*** Begin section ***

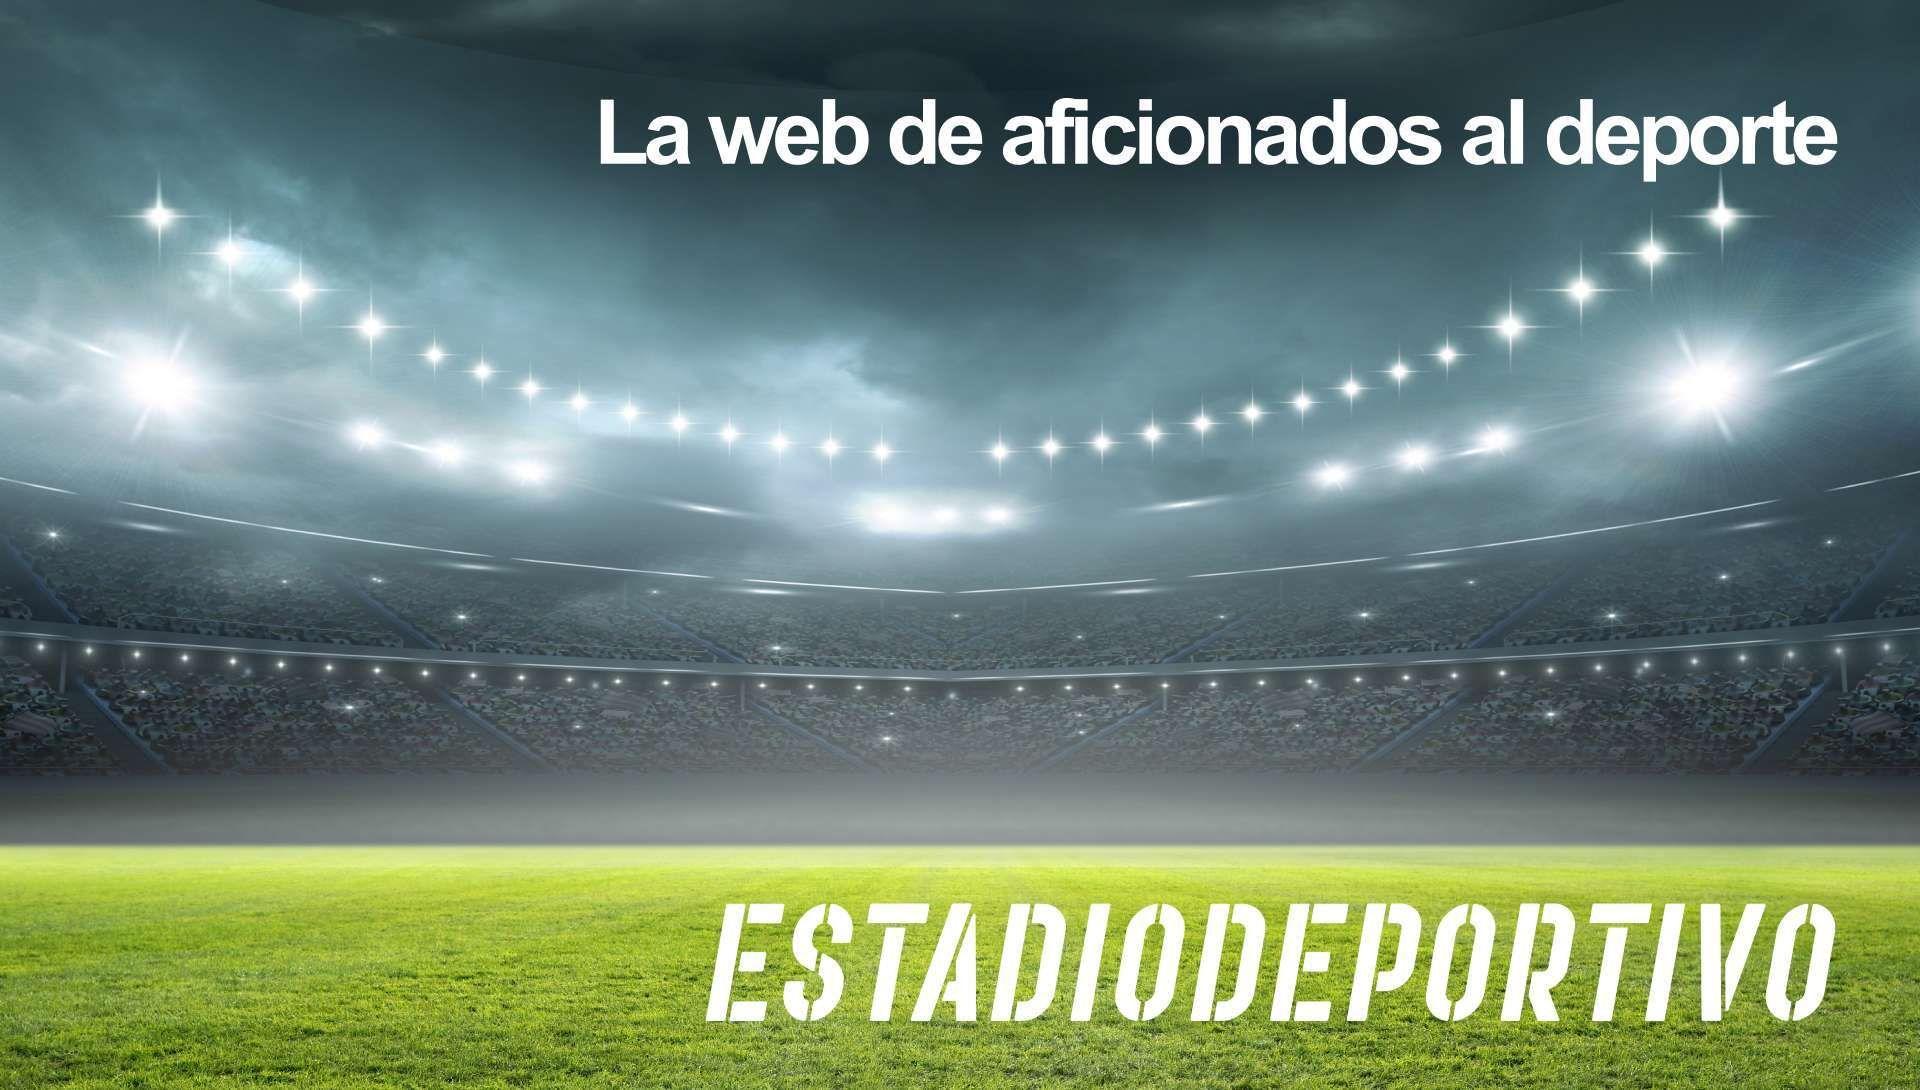 El análisis del rival: Espanyol
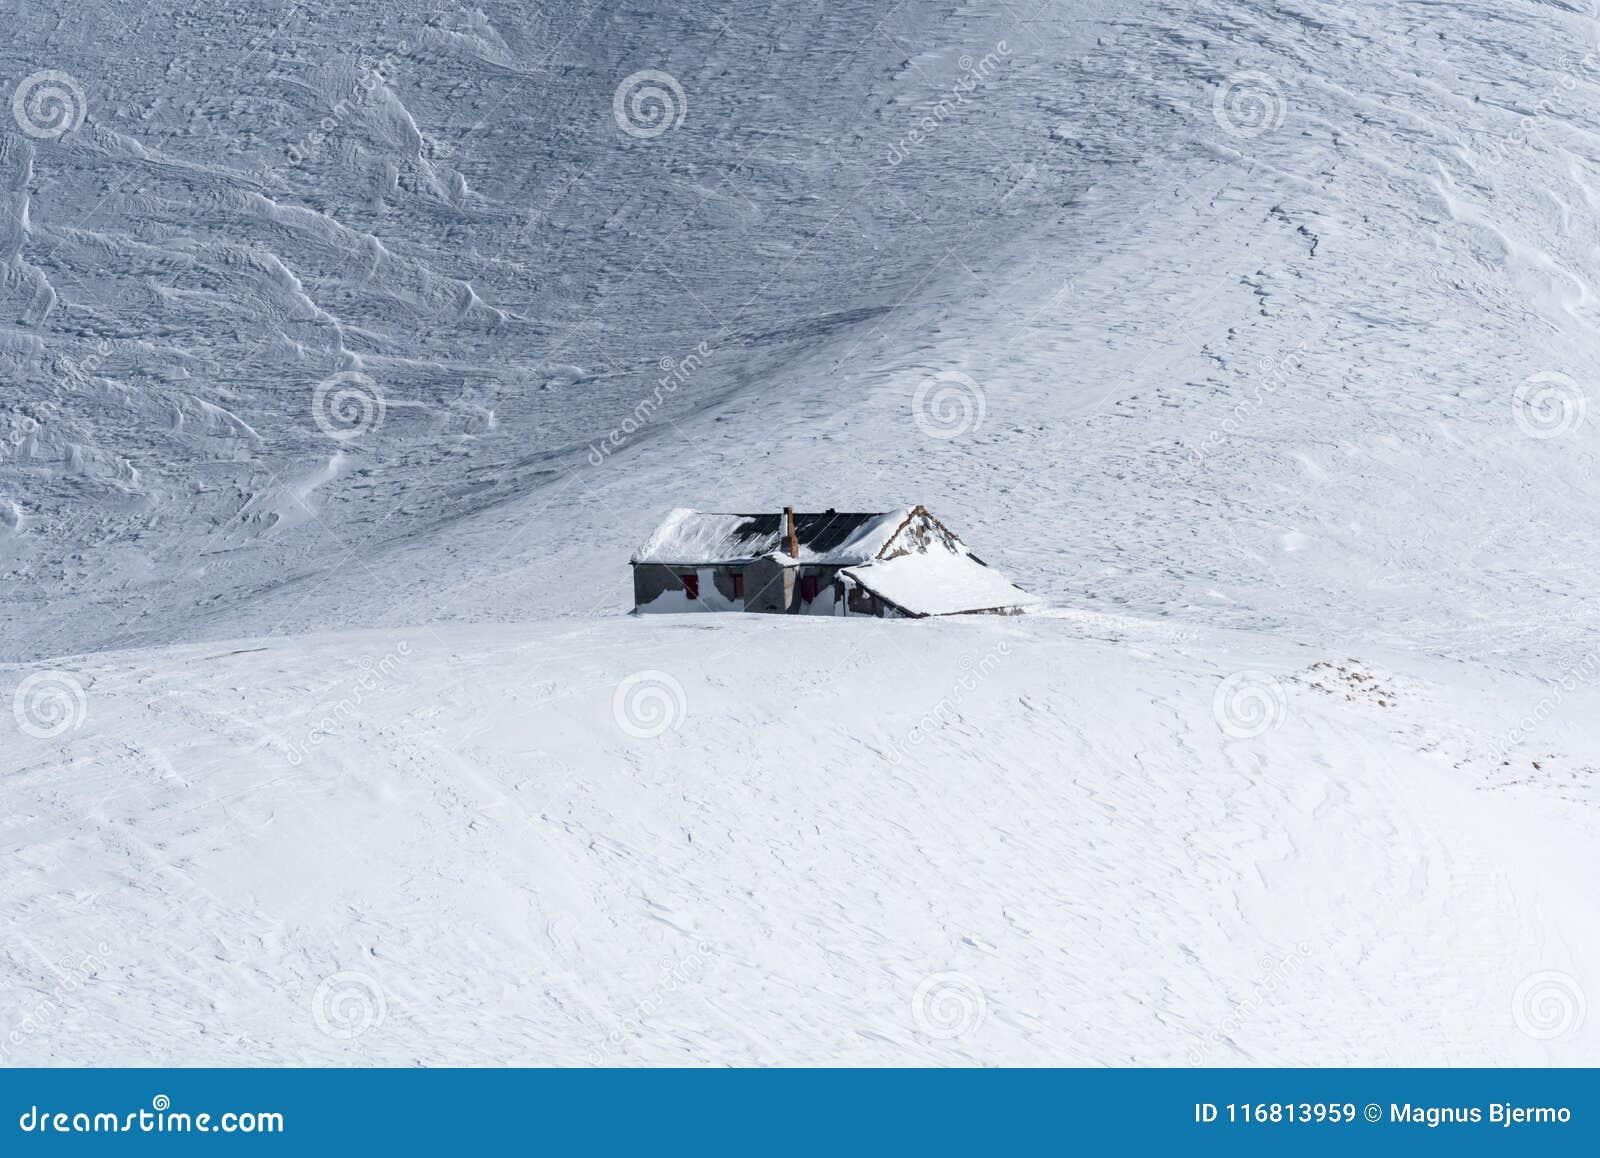 Alpine mountain hut isolated on windpacked snow field
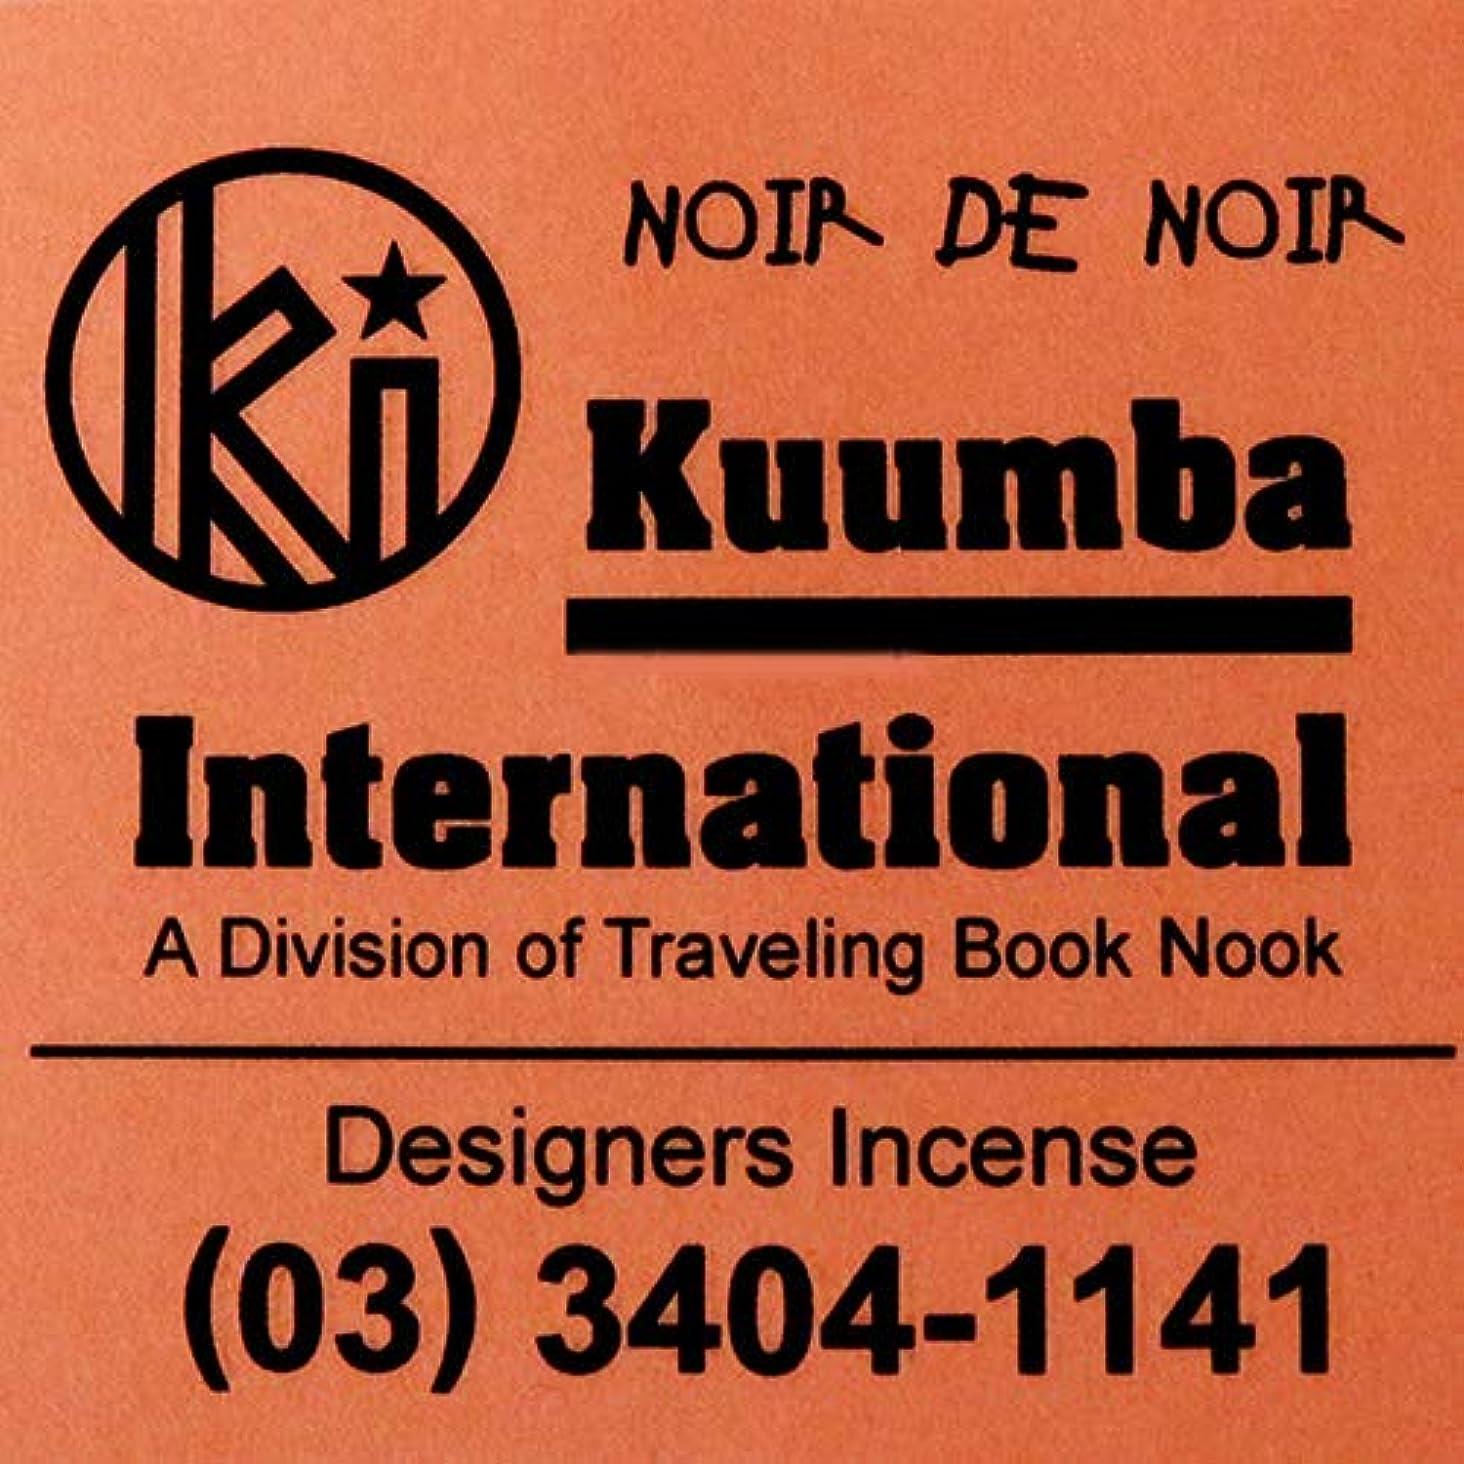 海軍顎ジャンクション(クンバ) KUUMBA『incense』(NOIR DE NOIR) (NOIR DE NOIR, Regular size)
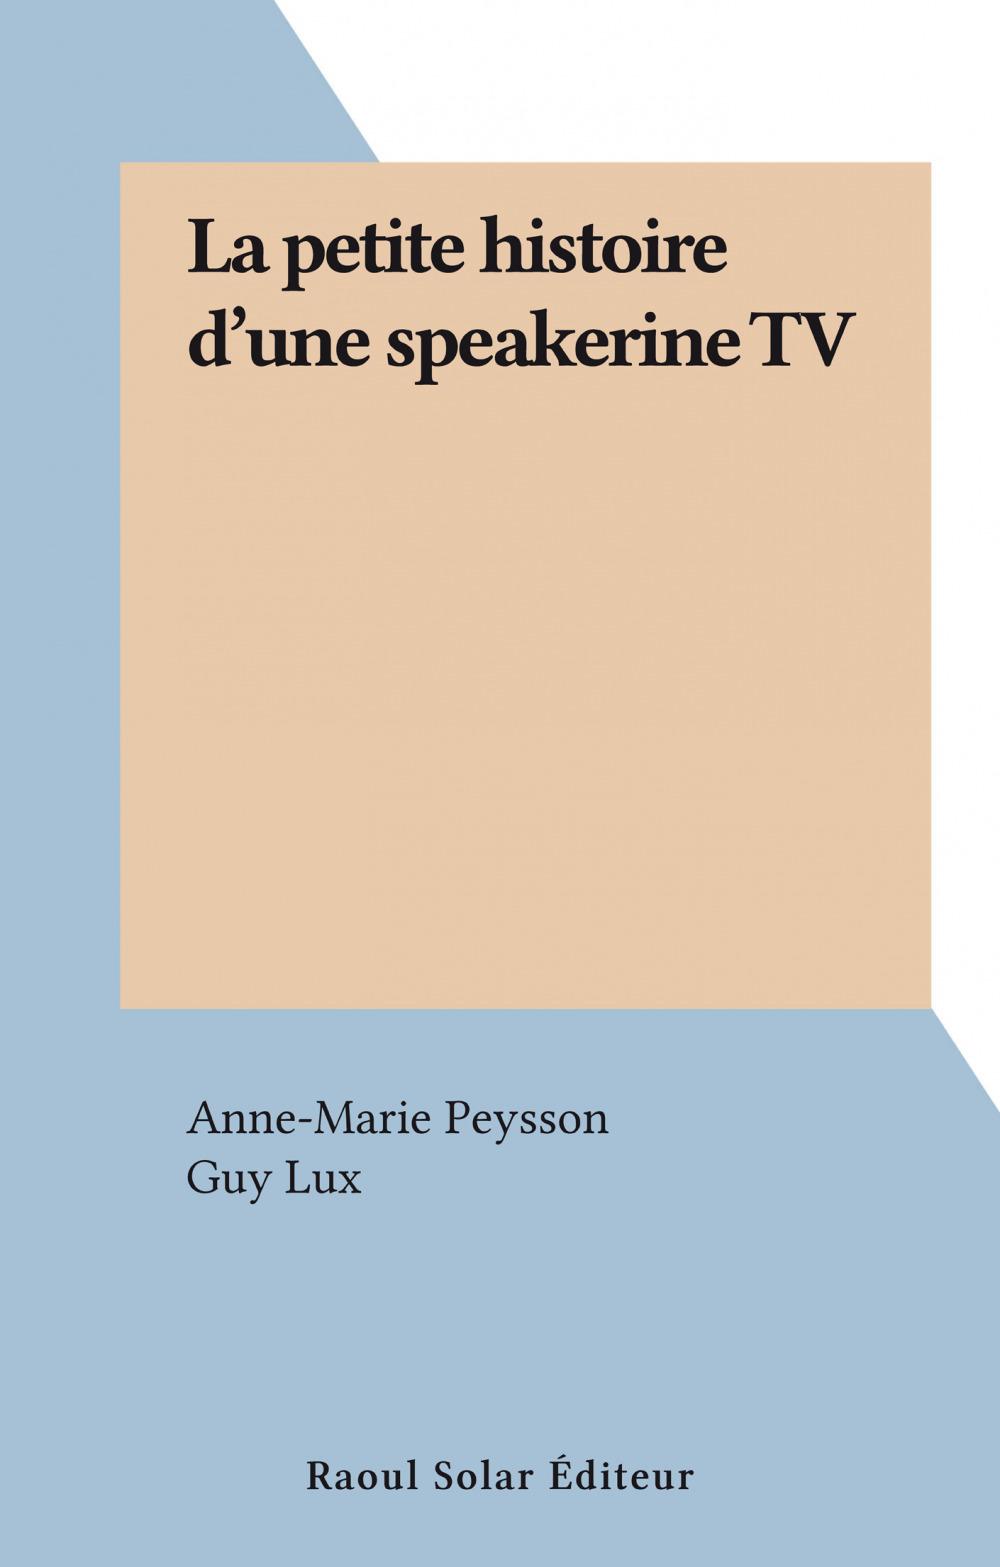 La petite histoire d'une speakerine TV
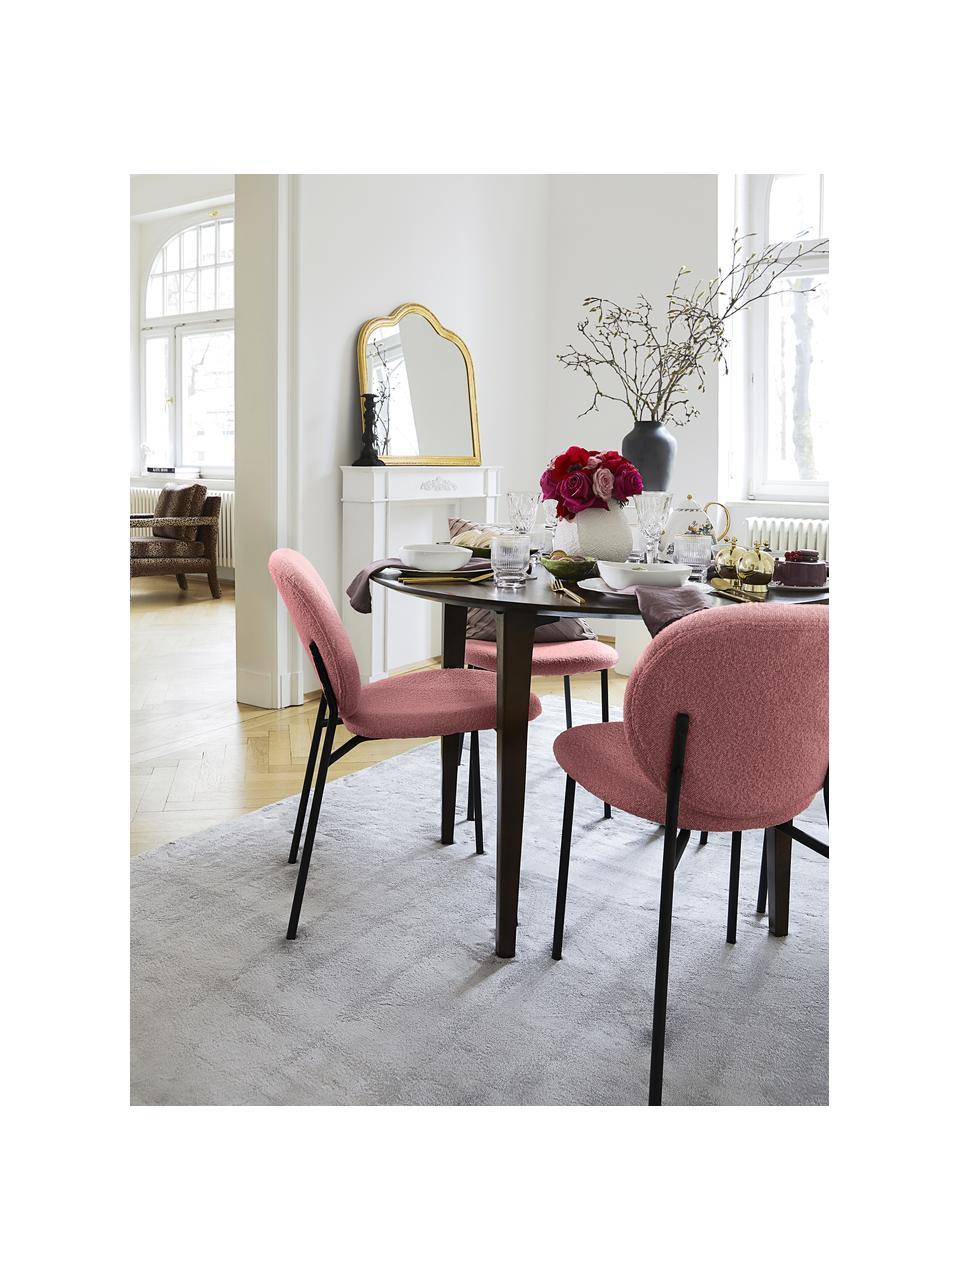 Bouclé-gestoffeerde stoelen Ulrica in roze, 2 stuks, Bekleding: 100% polyester, Poten: gepoedercoat metaalkleuri, Roze, 47 x 61 cm

*** End section ***

Repeat the material above exactly; any picture in it is left out.

 El análisis del rival: Espanyol
 Alpine mountain hut isolated on windpacked snow field
 海軍顎ジャンクション(クンバ) KUUMBA『incense』(NOIR DE NOIR) (NOIR DE NOIR, Regular size)
 La petite histoire d'une speakerine TV
 Bouclé-gestoffeerde stoelen Ulrica in roze, 2 stuks, Bekleding: 100% polyester, Poten: gepoedercoat metaalkleuri, Roze, 47 x 61 cm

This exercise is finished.